:: Task details ::
What is needed is the full listing written out exactly, minus the pictures.

:: Data block ::
+++

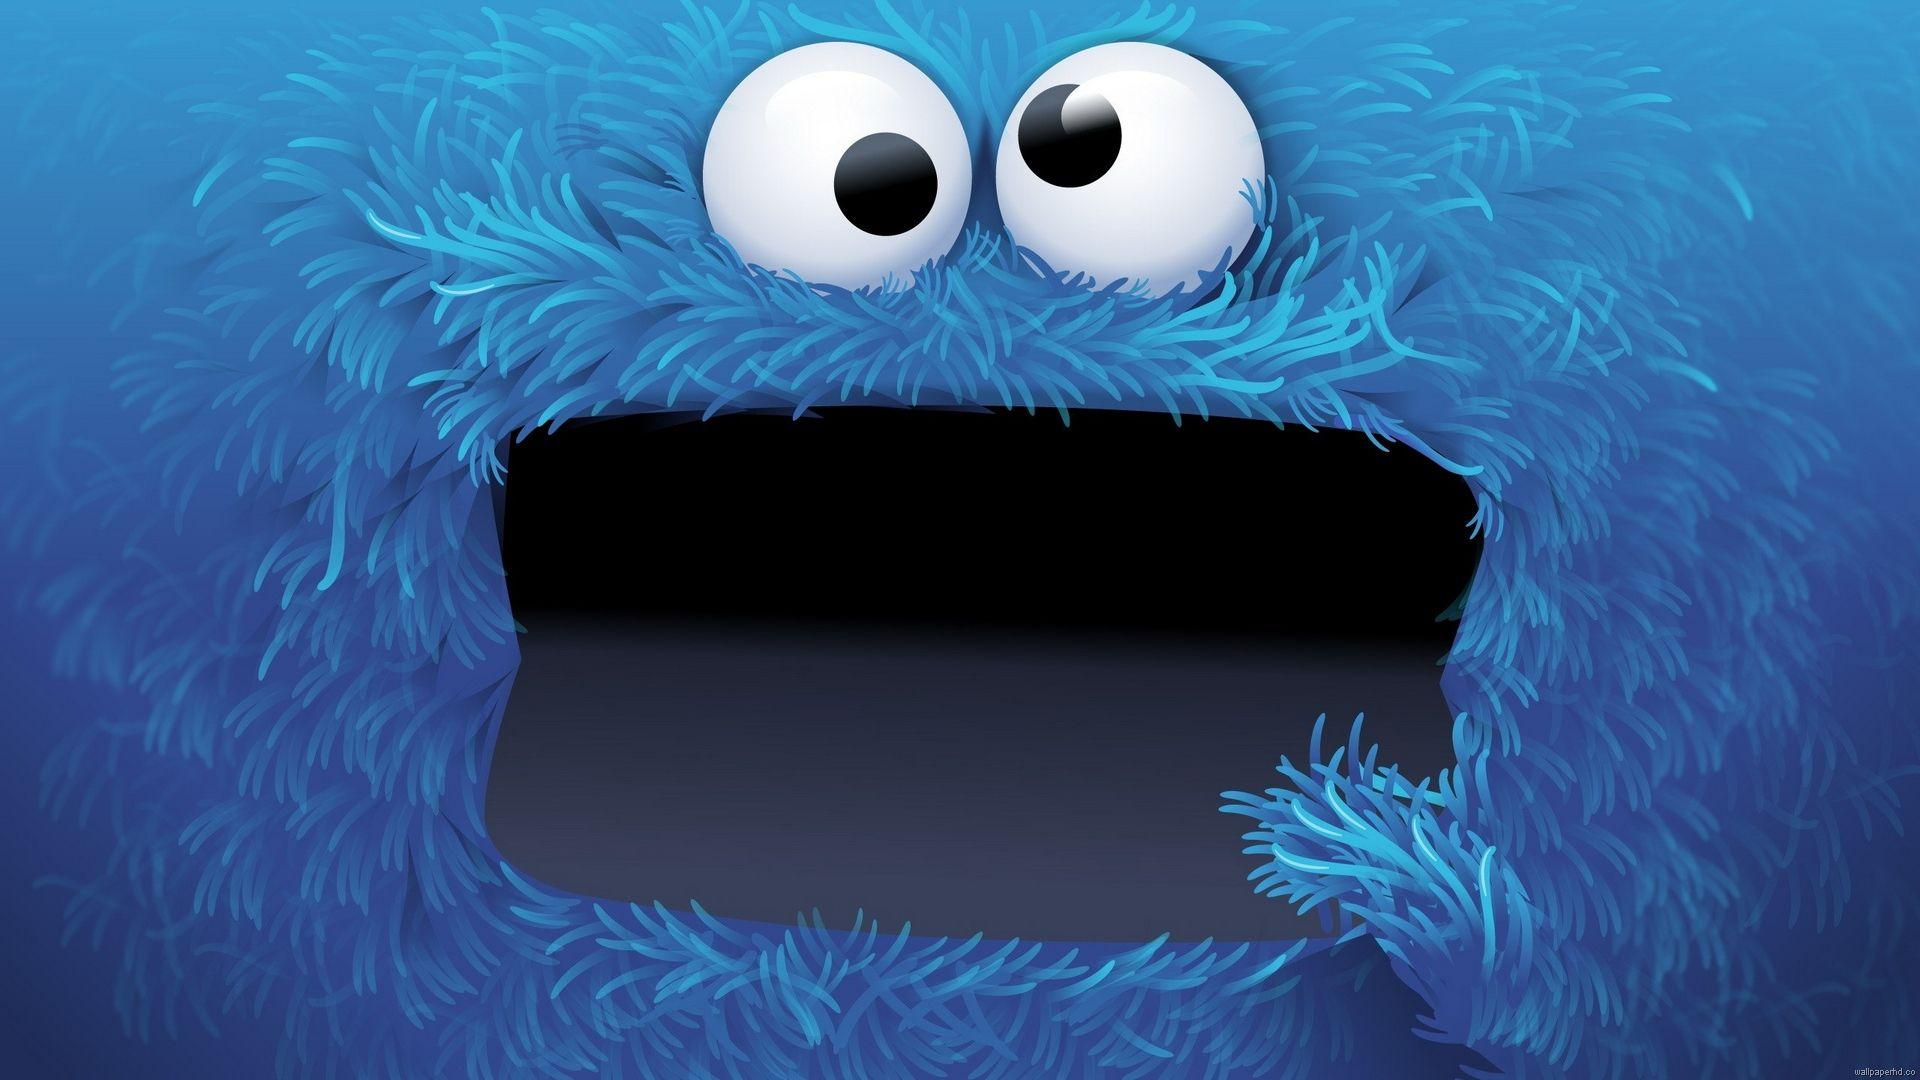 Cookie Monster Cookie Monster Wallpaper Monster Cookies Cartoon Wallpaper
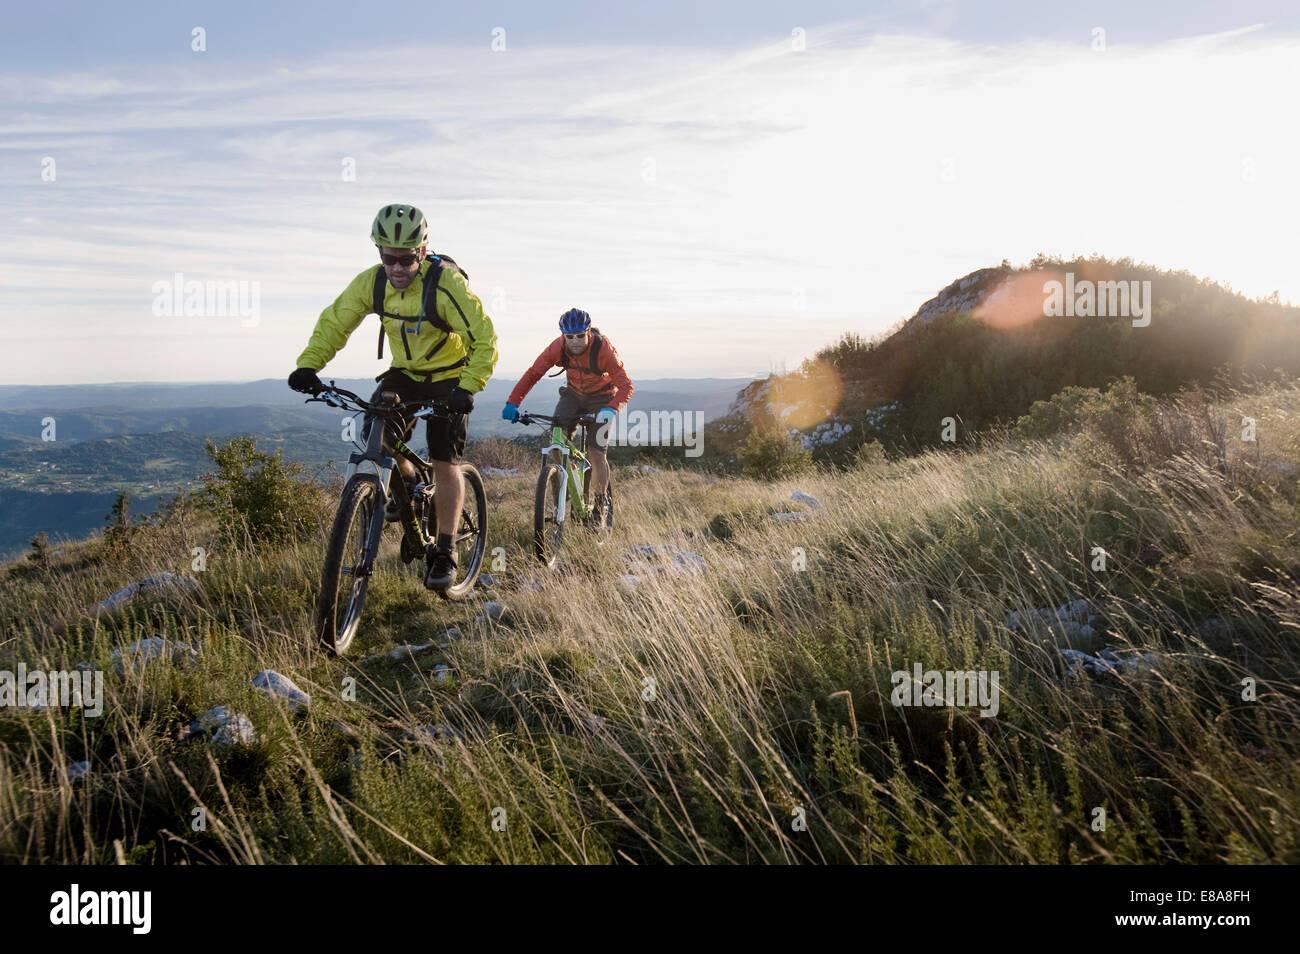 zwei Mountainbiker auf dem Weg bergab, Vipava-Tal, Istrien, Slowenien Stockbild
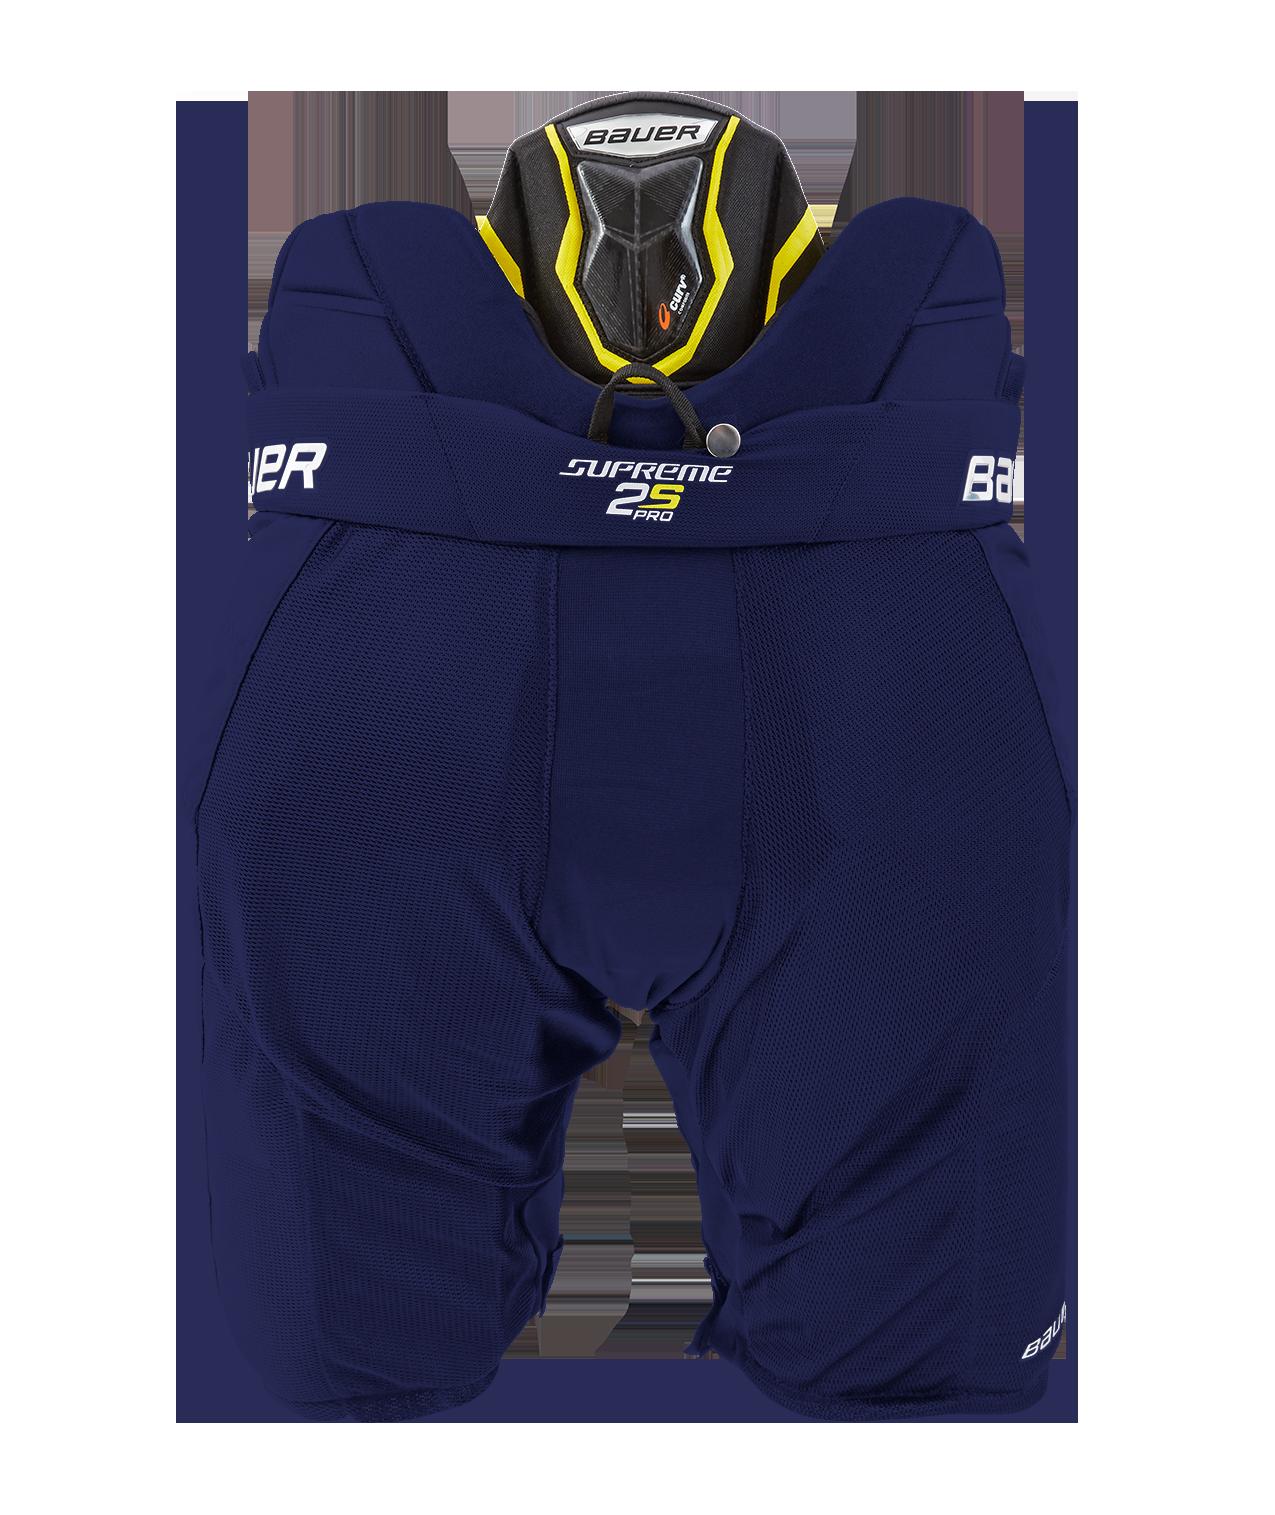 Supreme 2S PRO Pants Senior

+++

:: Result for this exercise ::
 Cookie Monster Cookie Monster Wallpaper Monster Cookies Cartoon Wallpaper
 zwei Mountainbiker auf dem Weg bergab, Vipava-Tal, Istrien, Slowenien Stockbild
 Supreme 2S PRO Pants Senior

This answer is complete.